- **WHAT TO WORK ON**
Output the lines of the listing below exactly, starting at the line containing "Soothing Oasis - Opal" and stopping after the last line, with any pictures dropped.

- **AVAILABLE DATA**
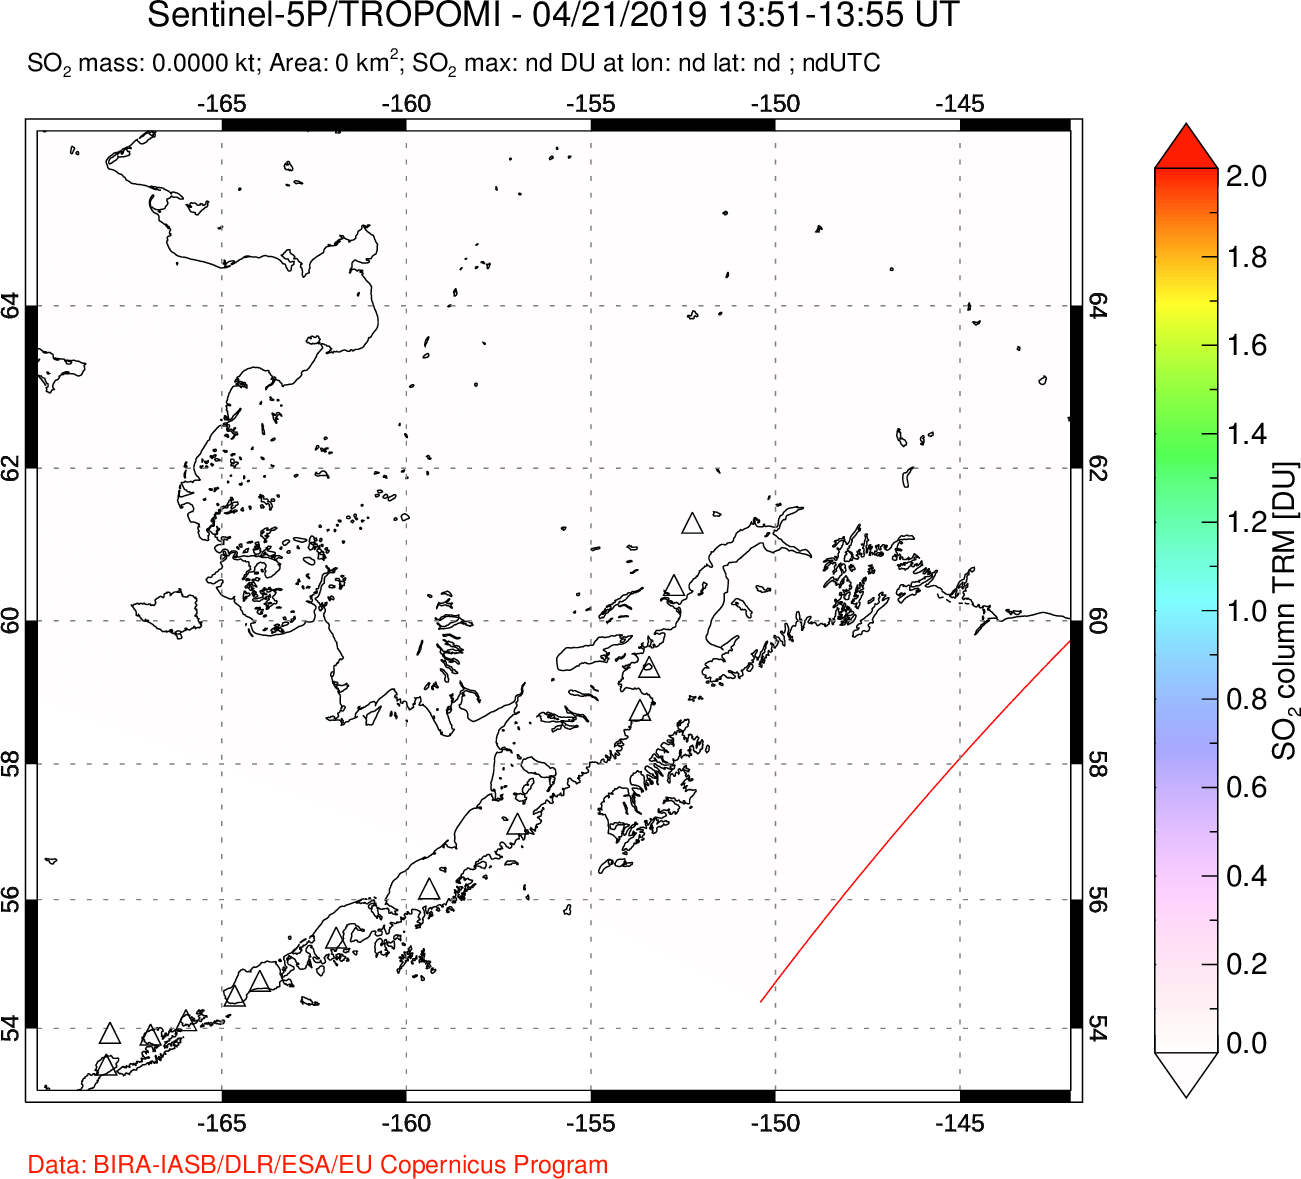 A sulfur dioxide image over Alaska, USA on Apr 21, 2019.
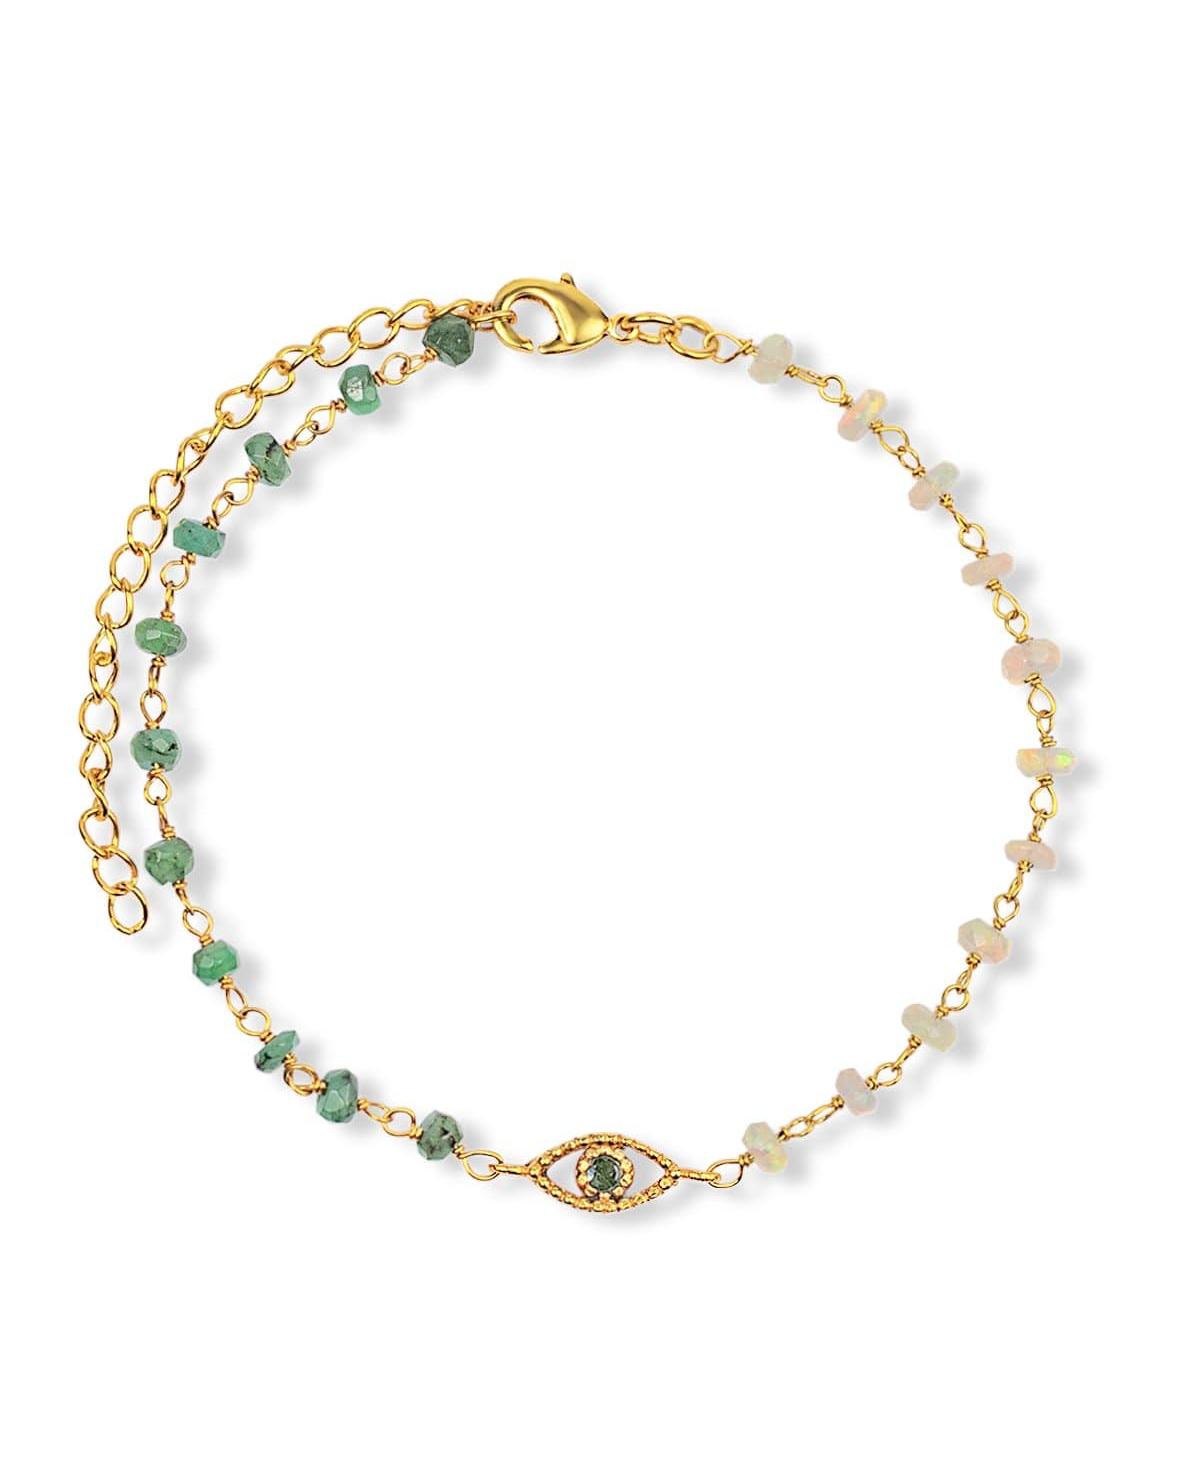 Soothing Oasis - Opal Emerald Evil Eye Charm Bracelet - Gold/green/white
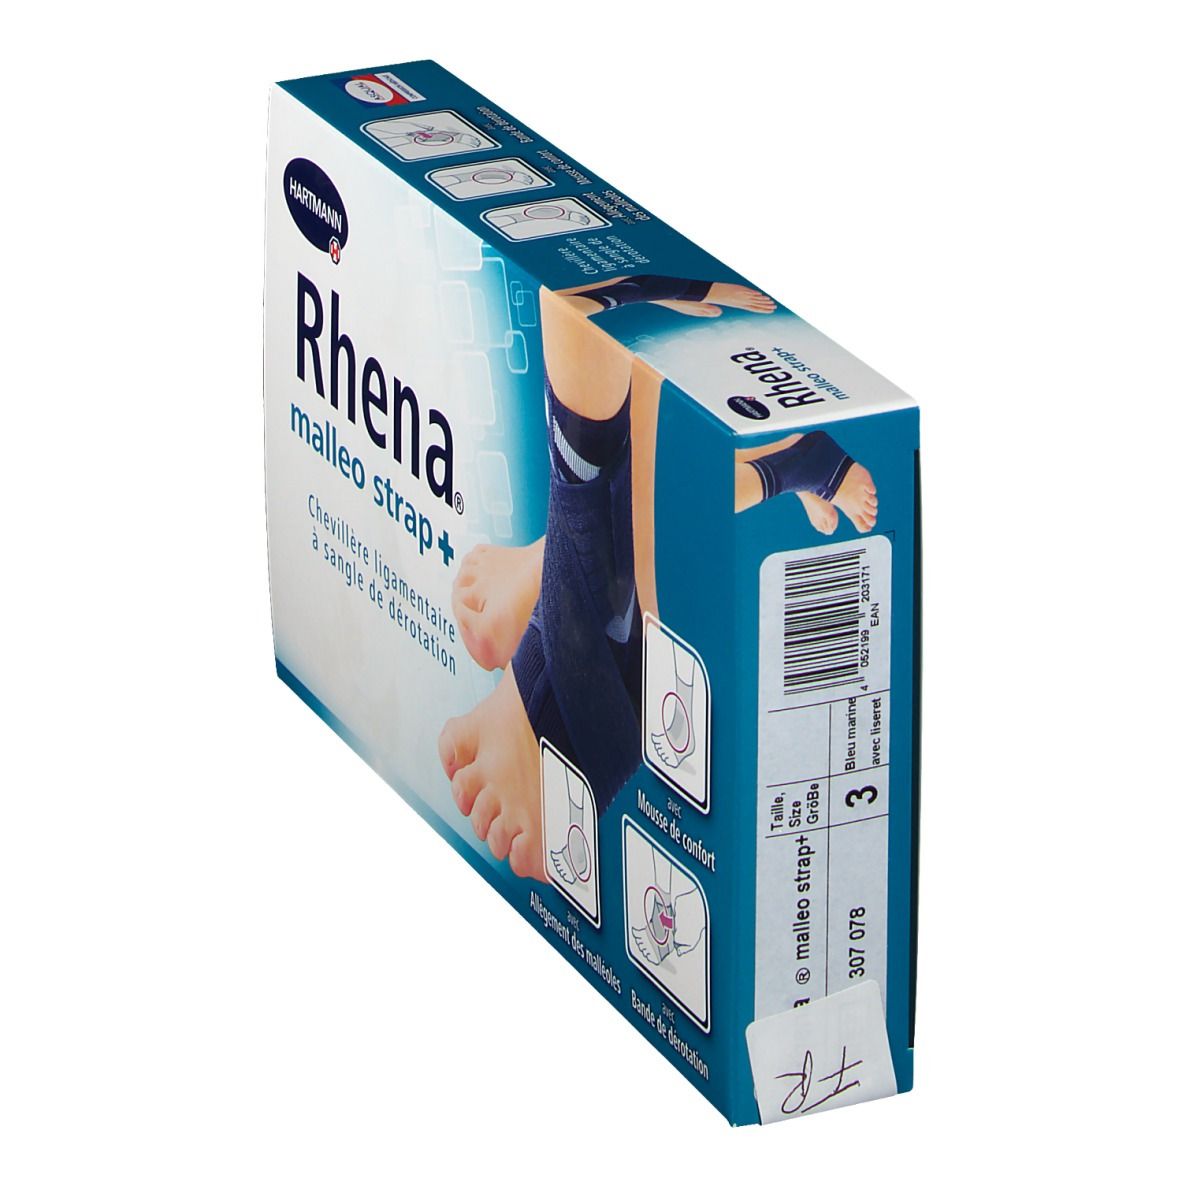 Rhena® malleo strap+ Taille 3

- **ANSWER**
 Soothing Oasis - Opal Emerald Evil Eye Charm Bracelet - Gold/green/white
 Rhena® malleo strap+ Taille 3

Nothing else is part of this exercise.